The zipper on my coat broke two years ago, and every winter since, I’ve said I’ll teach myself to sew and replace it. Yet here I am, trudging through dirty snow along the Columbus Drive Bridge, wind ripping open the quilted down to curl its frosty fingers around my middle. With each step I take, a fresh surge of icy gray water squishes between my toes, soaking my socks and making my boots squeak like a rat.

I need new boots. I need a new coat.

I need a new job.

I adjust the strap of my giant purse on my shoulder and press my phone more firmly against my ear as I wrap myself back into my coat. “What you really need is a new life,” I grumble into the phone.
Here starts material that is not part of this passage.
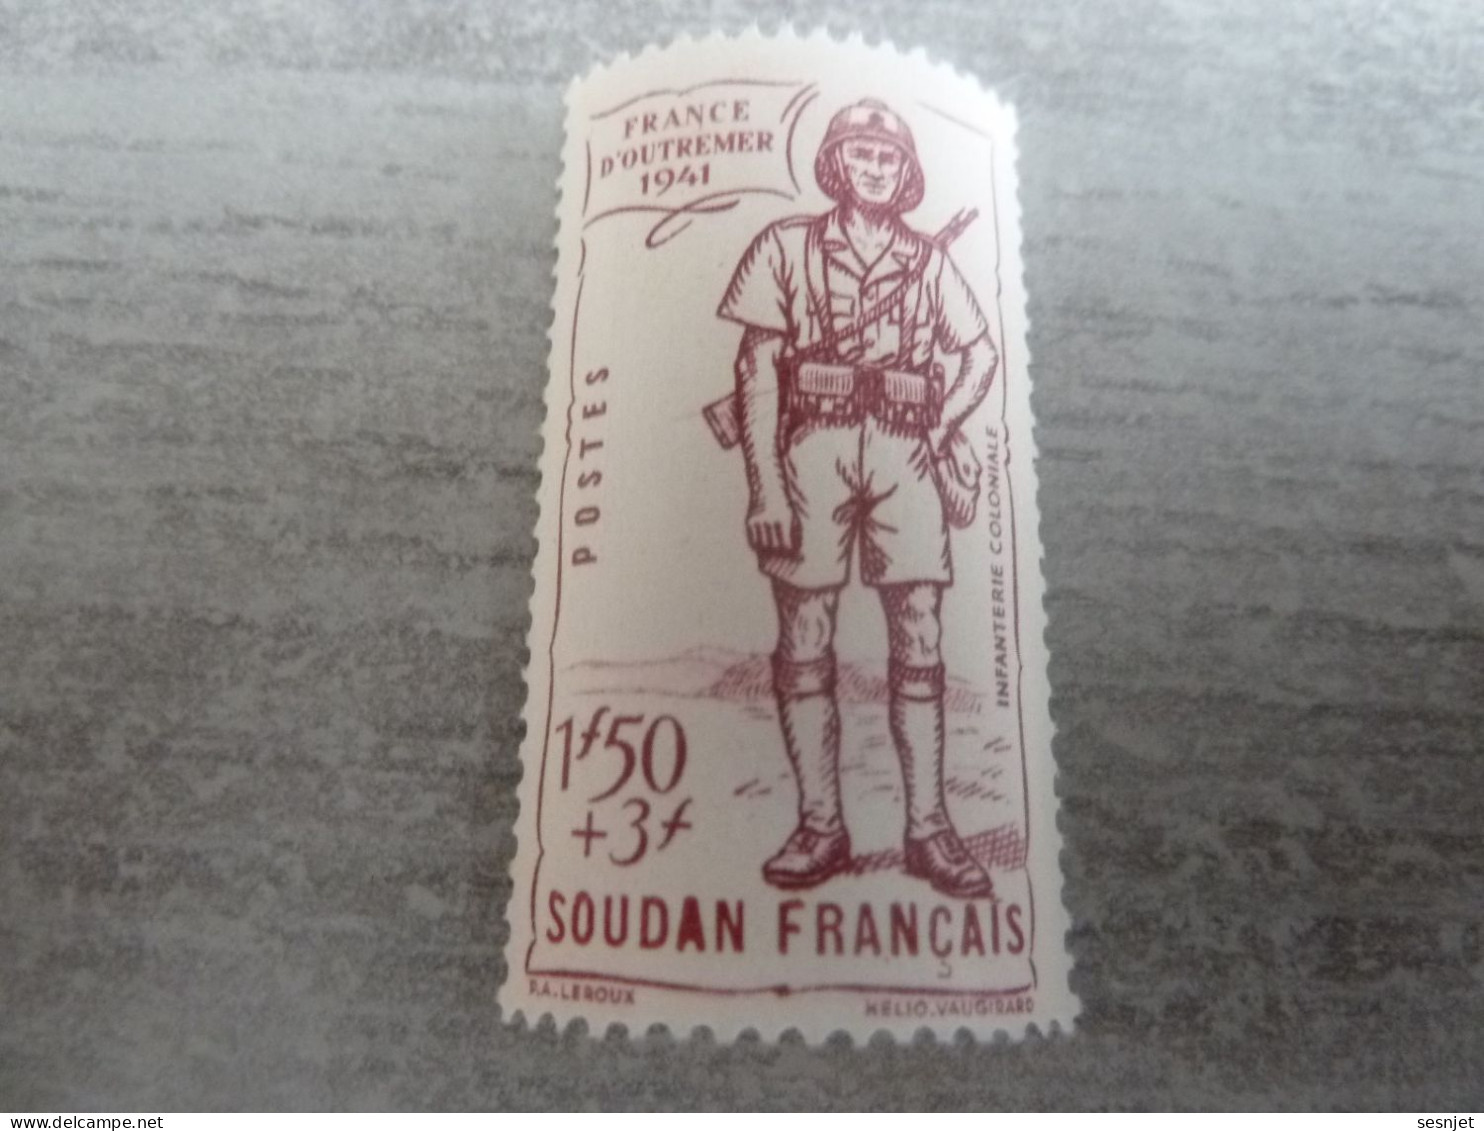 Soudan - Défense De L'Empire - Infanterie Coloniale - 1f.50+3f. - Yt 123 - Lilas - Neuf Sans Trace - Année 1941 - - Neufs

No one is on the other end of the call, but I read an article once (at least, I read the top half of it before the site required me to pay) that said women are less likely to be kidnapped and sold into human trafficking if they’re on the phone. And, while I would love for there to be a living, breathing human there to respond to me, there’s no one I can actually vent to. I’ve worked too many hours and rain checked too many times to keep up with the few friends I made in college.
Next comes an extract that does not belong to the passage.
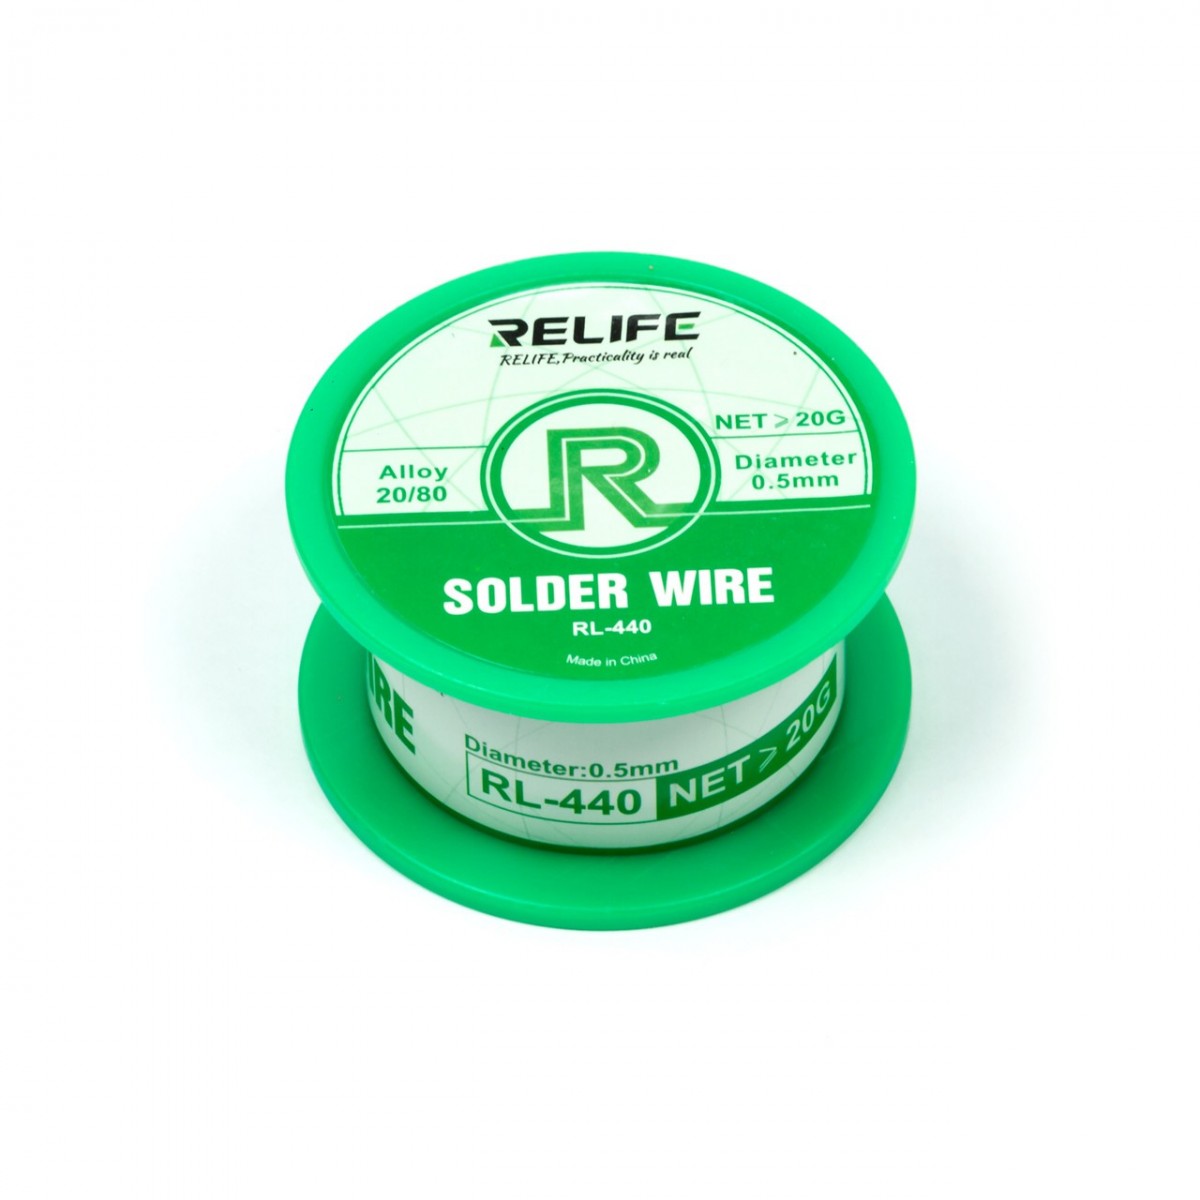 سیم لحیم ریلایف 0.3 میلیمتر 20 گرم RELIFE RL-440

“Why not call my sister?” I talk into my phone like someone will answer while completely ignoring the fact that I’m clearly the most embarrassingly desperate person in all of Chicago. “Hi, I’m Charlotte Thomas, attorney-at-law,” I say, absolutely nailing an impression of her whiskey-smooth tone in the opening line to her newest ad. “And your case is my cause. Call me and start your journey to victory.”

Unfortunately for me, the only calls Charlotte will fit into her perfect lawyer life over in Winnetka, the area’s wealthiest suburb, are from her skeezy, extremely guilty clients.

“Maybe if I rob a bank…” I mutter to no one. “I do need another job. I can never go back to Posh Pulse.”

My phone responds by vibrating against my cheek, and I hold it out in front of me as I approach the bus stop, a wave of hope momentarily warming my stiff fingers.

Mom: You have a date!

Mom: His name is Ernest. He’s 5’2” and still lives at home.

Mom: But really, Hannah. You have to start somewhere.

“I have a boyfriend!” I shout. A woman waiting at the same stop turns her back to me as I approach, angrily smashing my thumbs against my phone in a response my mom will interpret as passive-aggressive no matter my actual tone.

The bus arrives right on time, grinding to a stop near a pile of snow, and I wait for everyone to file in and out before trudging up the stairs, scanning my pass, and sagging into the nearest empty window seat.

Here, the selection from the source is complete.